WHAT THIS TASK INVOLVES =>
Type out the complete listing below word for word, without its pictures.

THE DATA =>
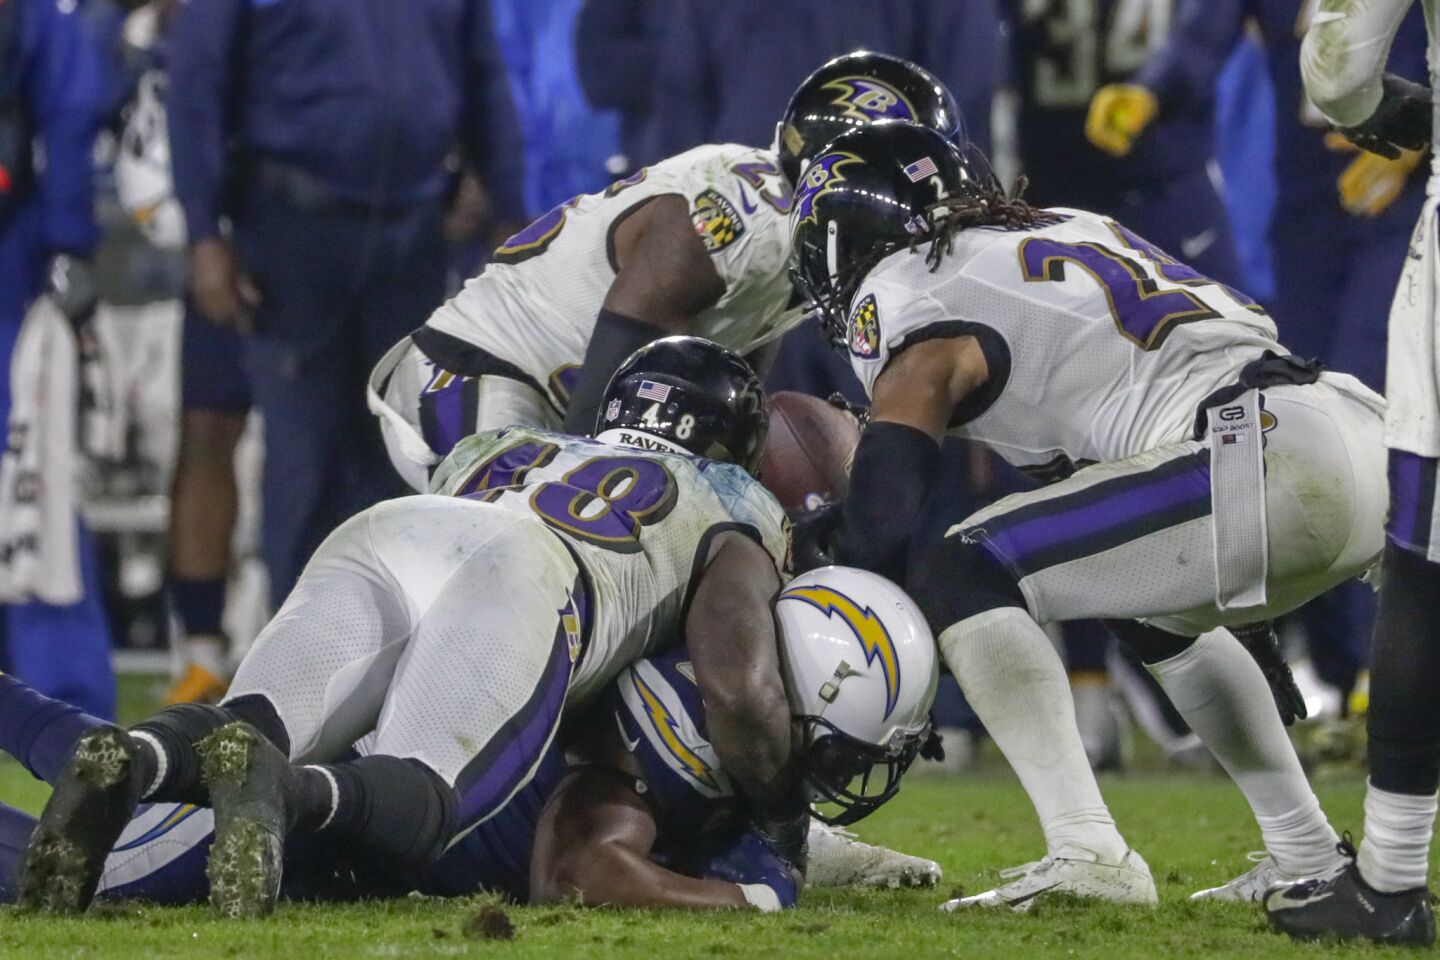 Ravens cornerback Tayvon Young takes the ball from Chargers tight end Antonio Gates and returns it for a touchdown late in the fourth quarter at StubHub Center.
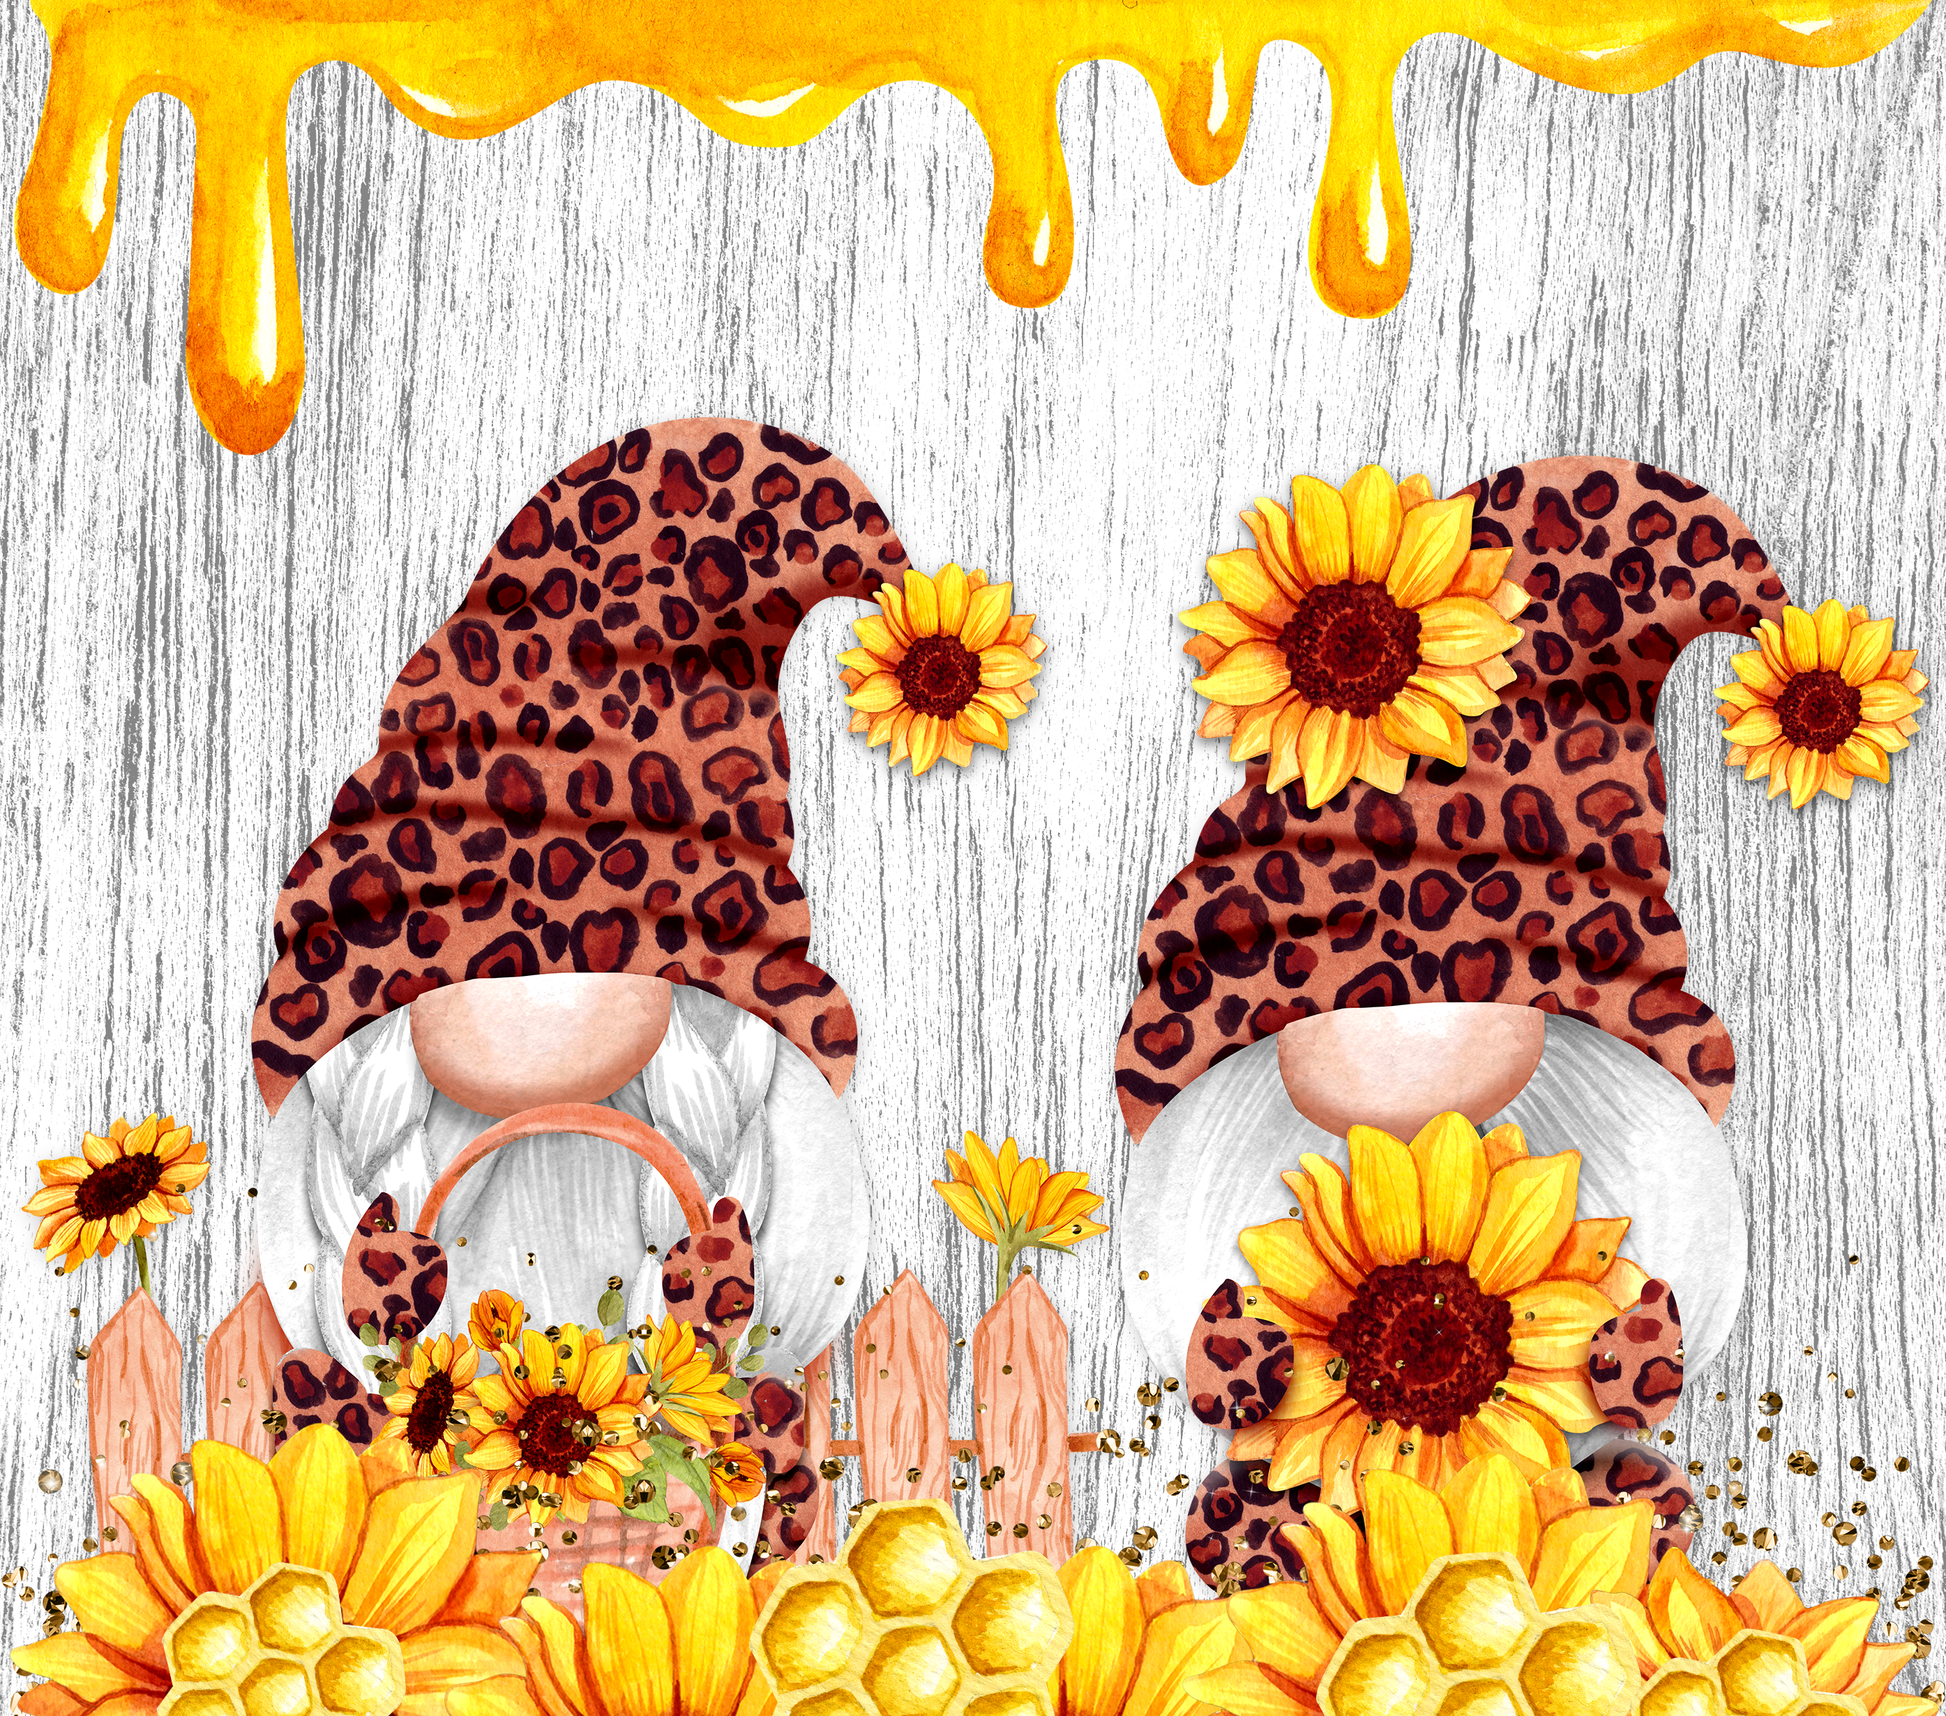 20 oz Stainless Steel Tumbler With Gnomes Enjoying Sunflowers While Honey Drips Down From The Top
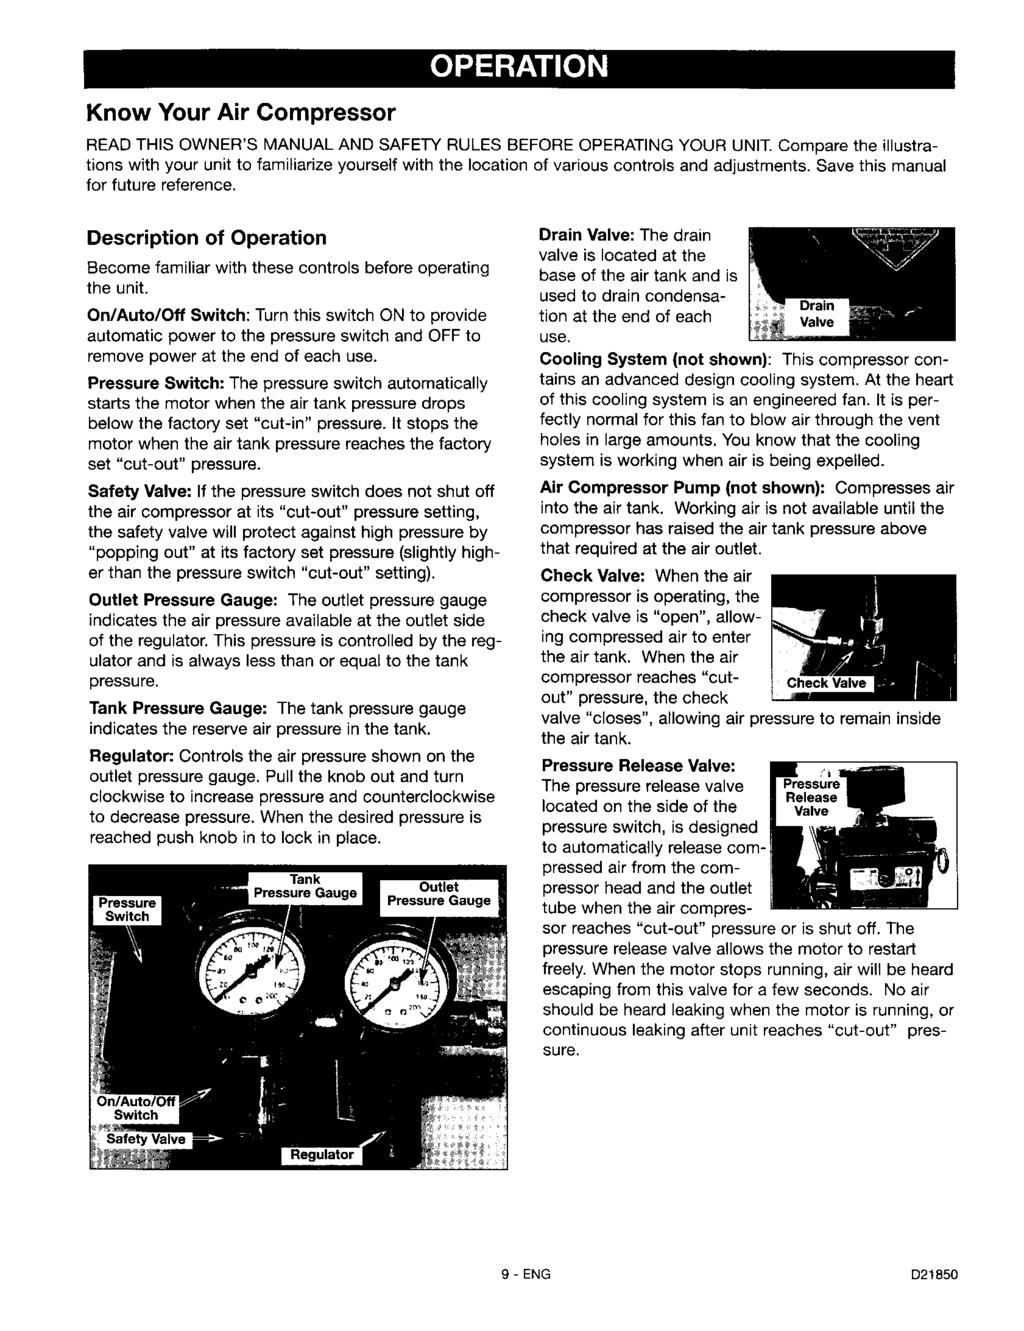 Know Your Air Compressor READ THIS OWNER'S MANUAL AND SAFETY RULES BEFORE OPERATING YOUR UNIT.

ANSWER BOX =>
 Ravens cornerback Tayvon Young takes the ball from Chargers tight end Antonio Gates and returns it for a touchdown late in the fourth quarter at StubHub Center.
 20 oz Stainless Steel Tumbler With Gnomes Enjoying Sunflowers While Honey Drips Down From The Top
 Know Your Air Compressor READ THIS OWNER'S MANUAL AND SAFETY RULES BEFORE OPERATING YOUR UNIT.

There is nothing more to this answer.